Signalons également que les What if ? mènent à toutes sortes de situations, de guerres plus courtes menant à des mondes plus en paix que le nôtre à des situations de cauchemar, où soit l’ennemi écrase ceux qui ont gagné dans notre monde, soit où, pour parvenir à la même victoire que dans notre histoire, le prix à payer se révèle effroyablement plus lourd (le chapitre sur Midway évoque le fait qu’une défaite américaine lors de cette bataille navale aurait pu mener à une utilisation beaucoup plus massive des armes nucléaires sur le Japon).

Bref, si vous êtes amateur d’histoire, d’histoire militaire, si les uchronies vous passionnent, ce livre, très clair, est un must-have. Il vous demandera juste un peu d’ouverture d’esprit et un niveau correct en anglais.

What if ? 2

Ce second what if ? reste relativement dans la lignée du premier, mais je l’ai trouvé un cran en-dessous personnellement, tout en restant d’une grande qualité tout de même. Pourquoi « relativement » et pourquoi un cran en-dessous ? Relativement, parce que cette fois, on ne s’intéresse pas seulement à l’aspect militaire ou climatique qui aurait pu changer le cours d’une bataille ou d’une guerre, donc le cours de l’histoire telle que nous l’avons connue, mais aussi aux conséquences qu’auraient eu la mort ou la survie de certaines figures religieuses ou intellectuelles d’importance, comme Jésus ou Socrate. Parfois également, on s’intéresse aux conséquences de décisions politiques / religieuses différentes, comme avec Lincoln (que se passe-t’il s’il n’abolit pas l’esclavage ?), Martin Luther ou Pie XII par exemple. Nous sommes donc bien toujours dans de l’uchronie, mais moins centrée sur l’aspect militaire cette fois. Par contre, la liste des rédacteurs reste toujours aussi impressionnante, et est plus variée cette fois, avec des gens qui ne sont pas forcément des historiens militaires (quelques noms parmi les plus connus : Caleb Carr, Victor Davis Hanson, Alistair Horne).

Signalons également que la liste des époques ou campagnes abordées est plus vaste, même si les deux guerres mondiales se taillent la part du lion, comme pour le volume 1.

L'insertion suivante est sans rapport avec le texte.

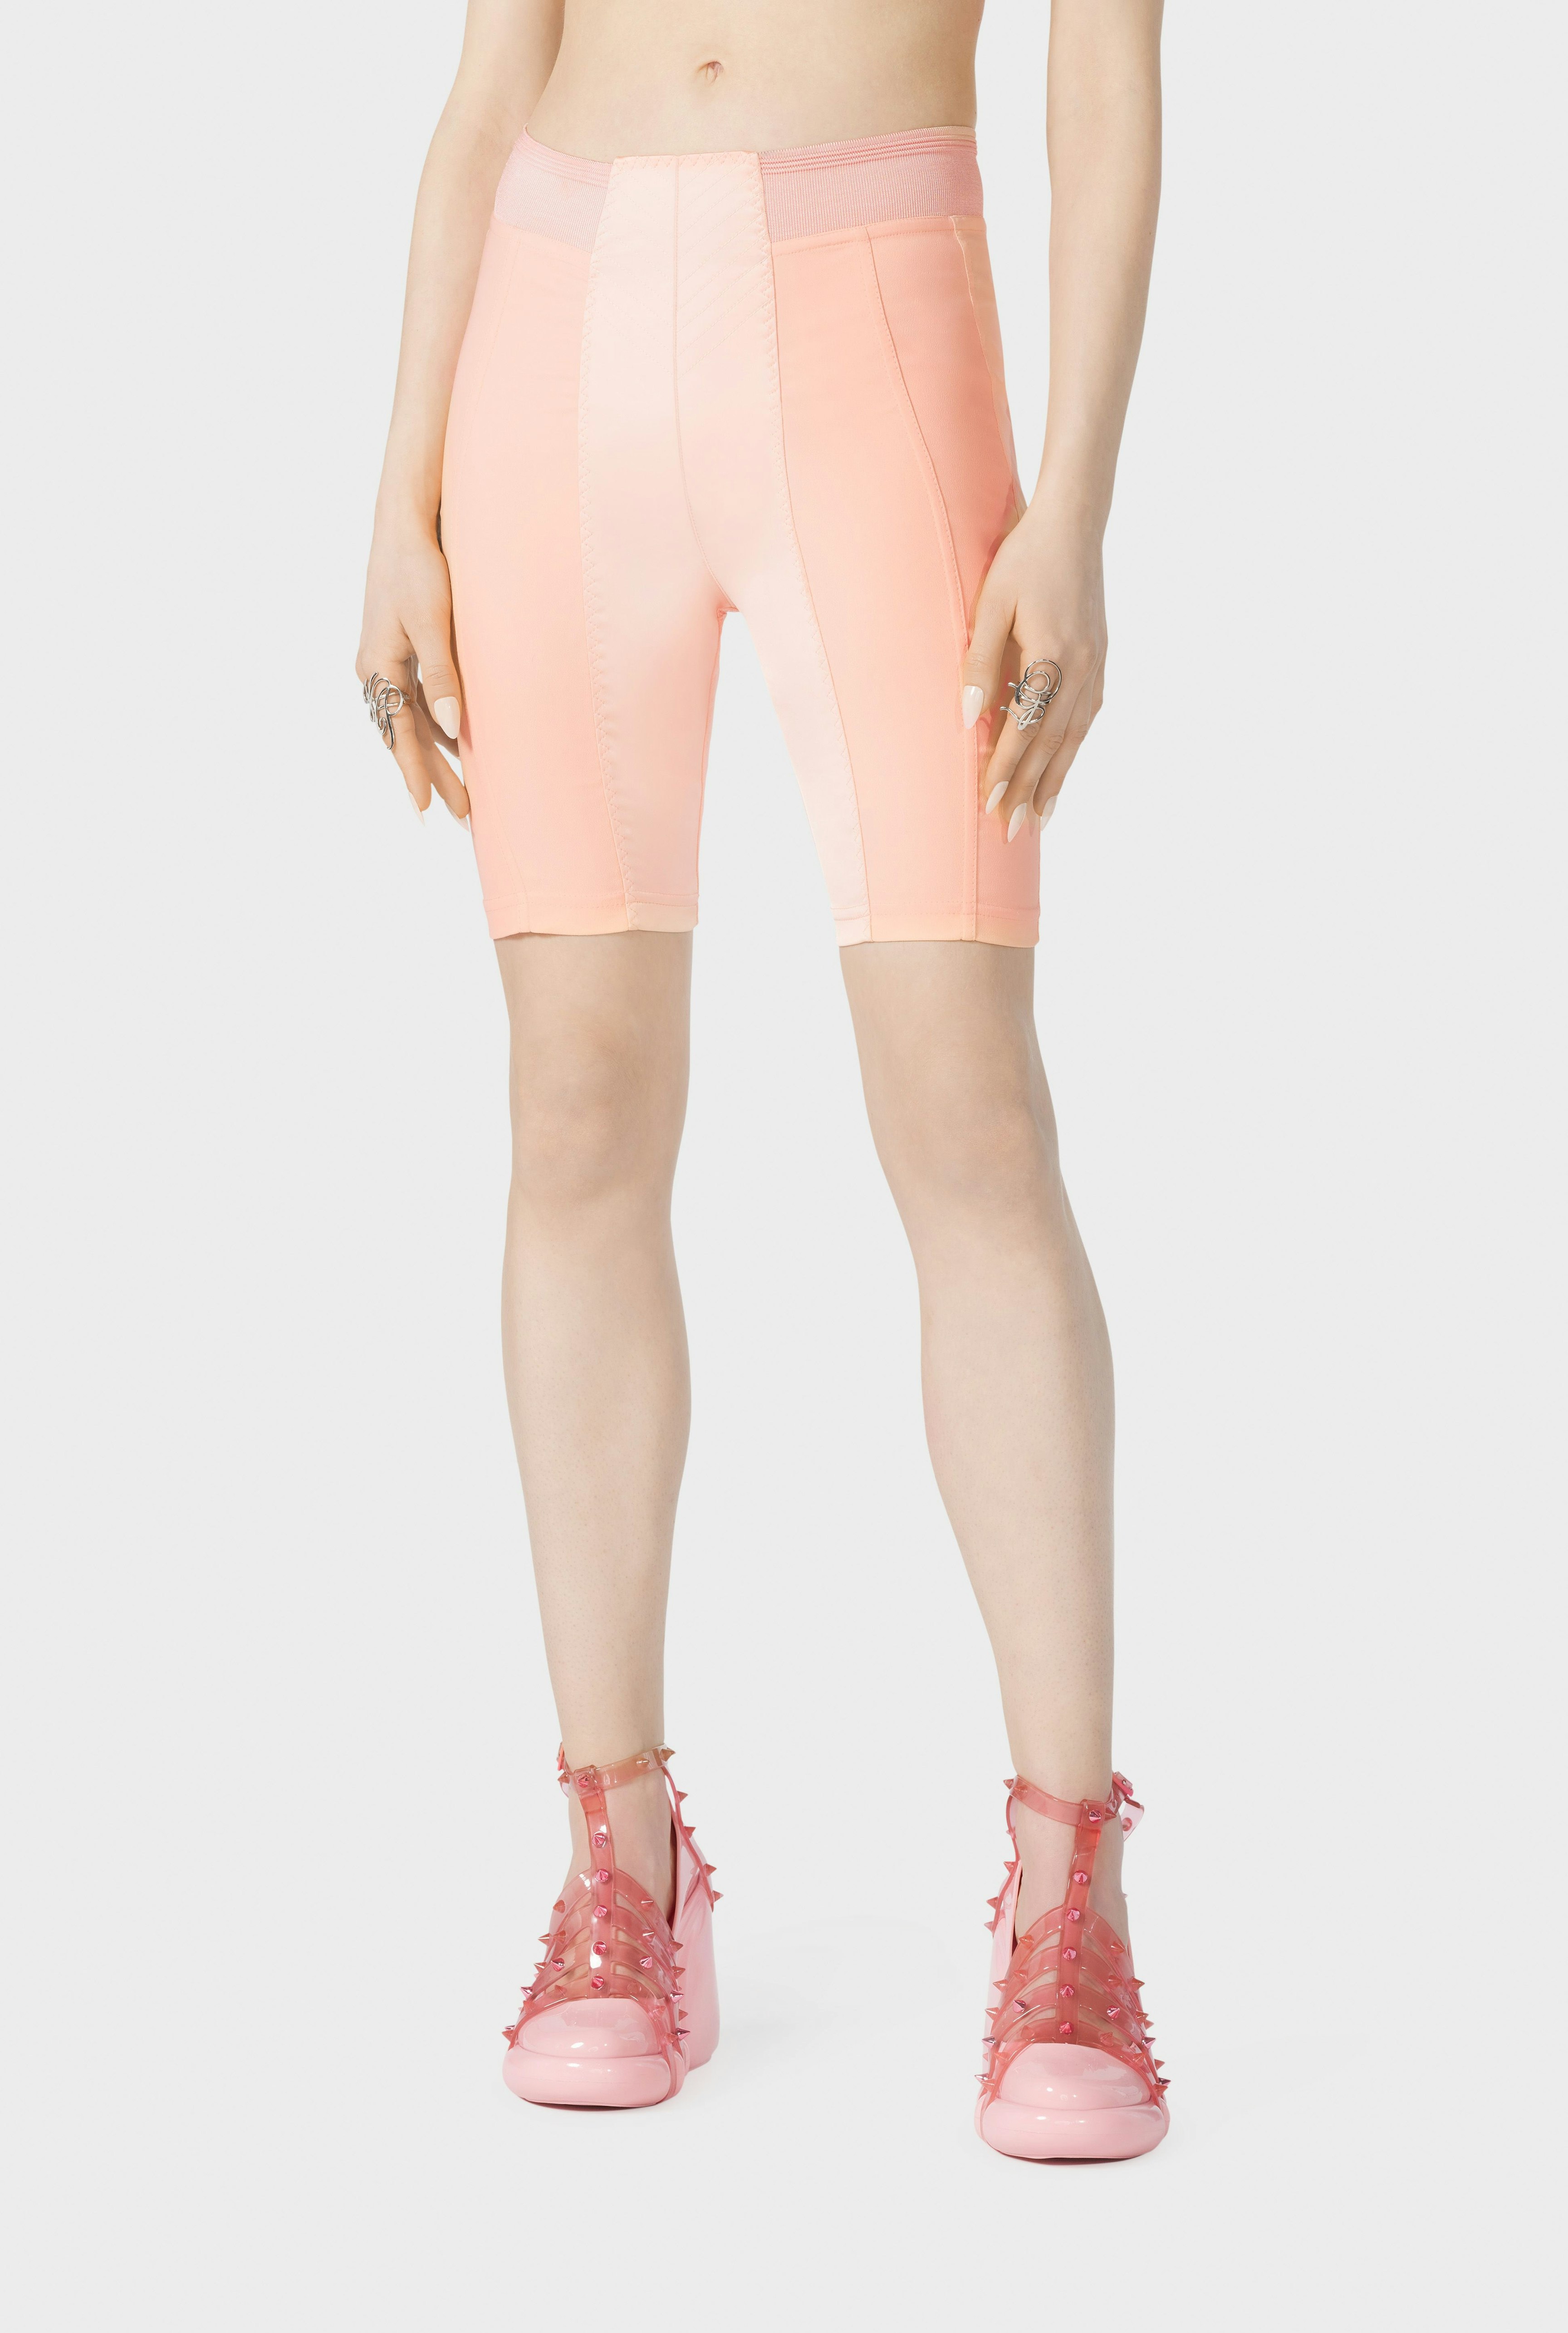 The Pink Iconic Bike Shorts

Pourquoi un cran en-dessous ? Parce que je trouve certains des textes d’un intérêt relatif, d’une part, et encore plus relatif si l’on considère les très, très grandes campagnes militaires (ou disons plus généralement les points-clefs de l’histoire) abordées dans le volume 1. Autant la découverte de l’Amérique par les chinois justifie quasiment à elle seule l’achat du livre, autant j’ai eu du mal à me passionner pour le texte sur Socrate par exemple, et autant j’ai trouvé l’évolution du monde post-survie de Jésus très, très spéculative.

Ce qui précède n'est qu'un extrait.